Project summary
Somatic mutations accumulate in normal tissues and are increasingly recognized as a crucial
determinant of disease risk, especially in age-related conditions and cancer. Somatic mutations show
enrichment in portions of the noncoding genome that show “open” chromatin structure, such as active
promoter and enhancer elements, because open chromatin is more vulnerable to mutagens. Furthermore,
transcription factors binding appears to obstruct DNA repair, increasing the likelihood of forming fixed, double-
stranded mutations. The channeling effects of these mechanisms result in a concentration of somatic
mutations in restricted, yet critical, regions of the genome. Somatic mutations with an increased likelihood of
causing diseases frequently arise at recurrent genomic sites, and often even recurrent mutations at specific
bases, allowing for the development of targeted methods with greater sensitivity, lower cost, and higher
throughput to identify somatic mutations than traditional sequencing techniques.
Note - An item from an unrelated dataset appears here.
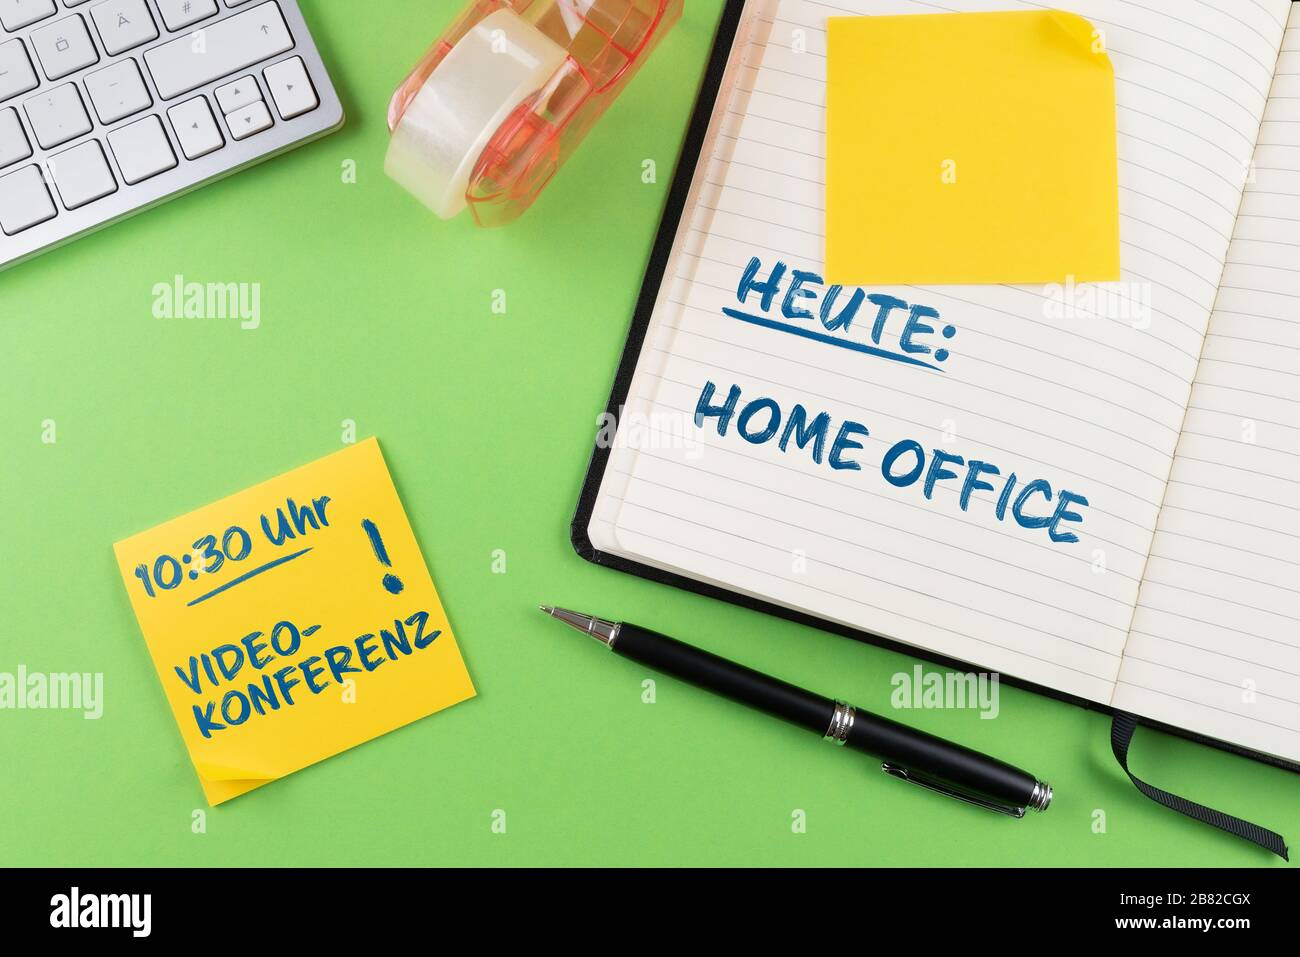 Concepto de trabajo desde casa y oficina doméstica, portátil y bloc de notas en el escritorio con recordatorio de videoconferencia en alemán Foto de stock
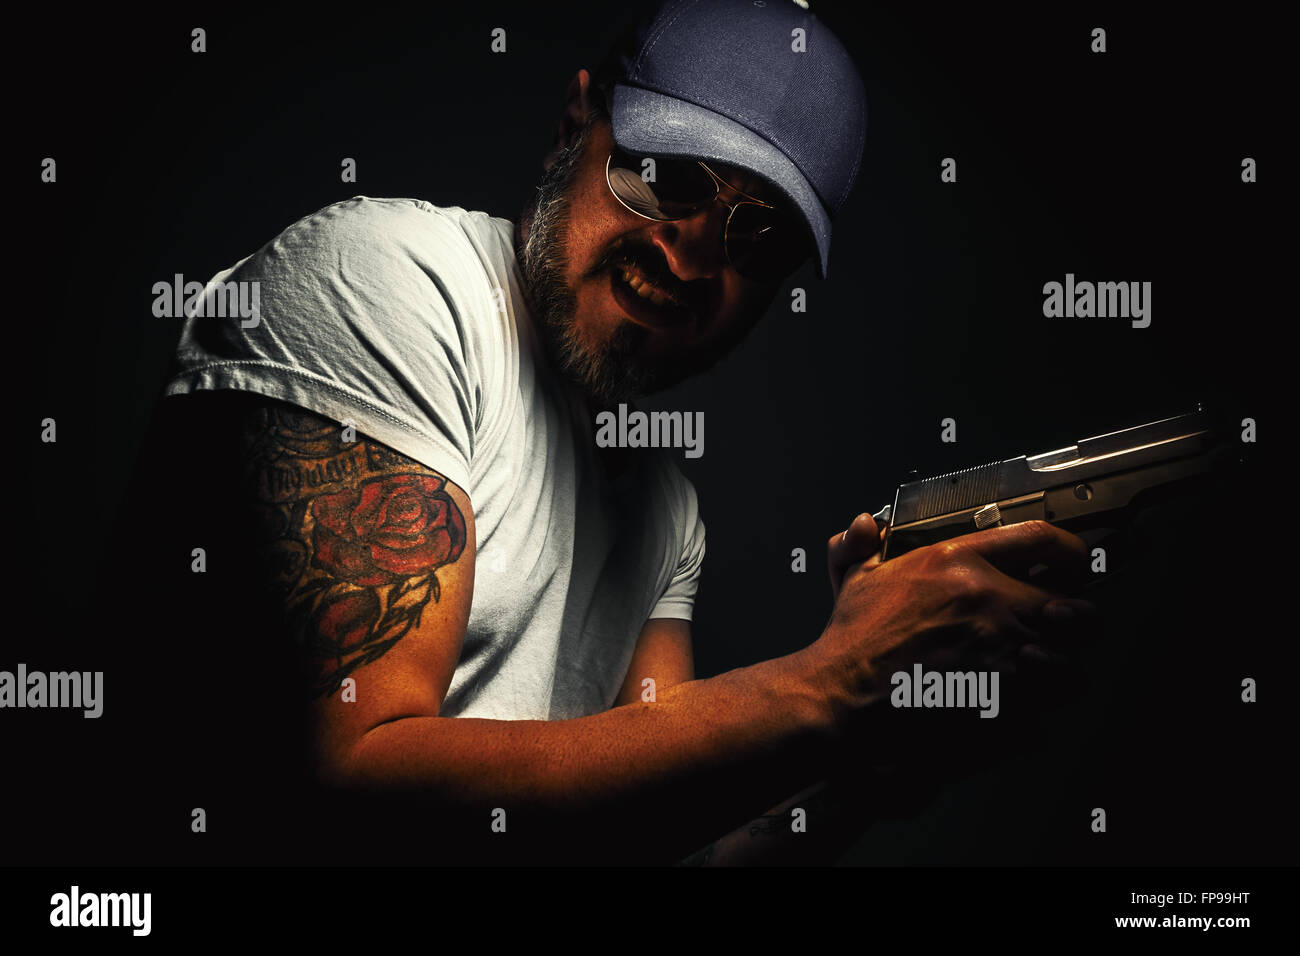 Gesichtsausdruck von einem Mann mit Gewehr und Tätowierung. Stockfoto

Present methods for identifying somatic mutations generally utilize deep (=250X) whole genome
sequencing (WGS) and tend to be expensive, create large datasets that are computationally challenging to
analyze, and have limited ability to detect somatic variants with very low allele fractions. We propose a two
phase approach to developing a new tool to address these shortcomings. In the first phase we will develop a
method of detecting somatic mutations using ATAC-seq. ATAC-seq targets the open chromatin regions of the
genome so is focused on regions with increased somatic mutations that have an increased likelihood of being
biologically meaningful, only incorporates a fraction of the genome creating a more manageable dataset, and
allows for deeper sequencing to increase the sensitivity of somatic mutation detection. This phase of the
proposal includes three aims: modification of the ATAC-seq protocol to allow for detection of somatic
mutations; development of analysis software to analyze the data; and testing of the protocol.
In the second phase of the protocol, data obtained from phase one will be used to develop a panel
sequencing protocol to further narrow the genomic regions looked at, reduce the cost of the analysis, and allow
for extracted DNA to be directly analyzed (rather than the intact chromatin needed for ATAC-seq). This phase
will also involve three aims: expansion of ATAC-seq analysis to determine the best regions to include on the
sequencing panel; development of the sequencing panel; and testing of the panel on a range of individuals and
tissue types.
This project will provide rapid and inexpensive methods for the detection of potentially critical somatic
mutations in any tissue type. At a research level, it will allow for the analysis of a large number of samples to
provide critical information on biologically important somatic mutations and thus be an important tool that will
help illuminate the spectrum of somatic mutation in the noncoding genome.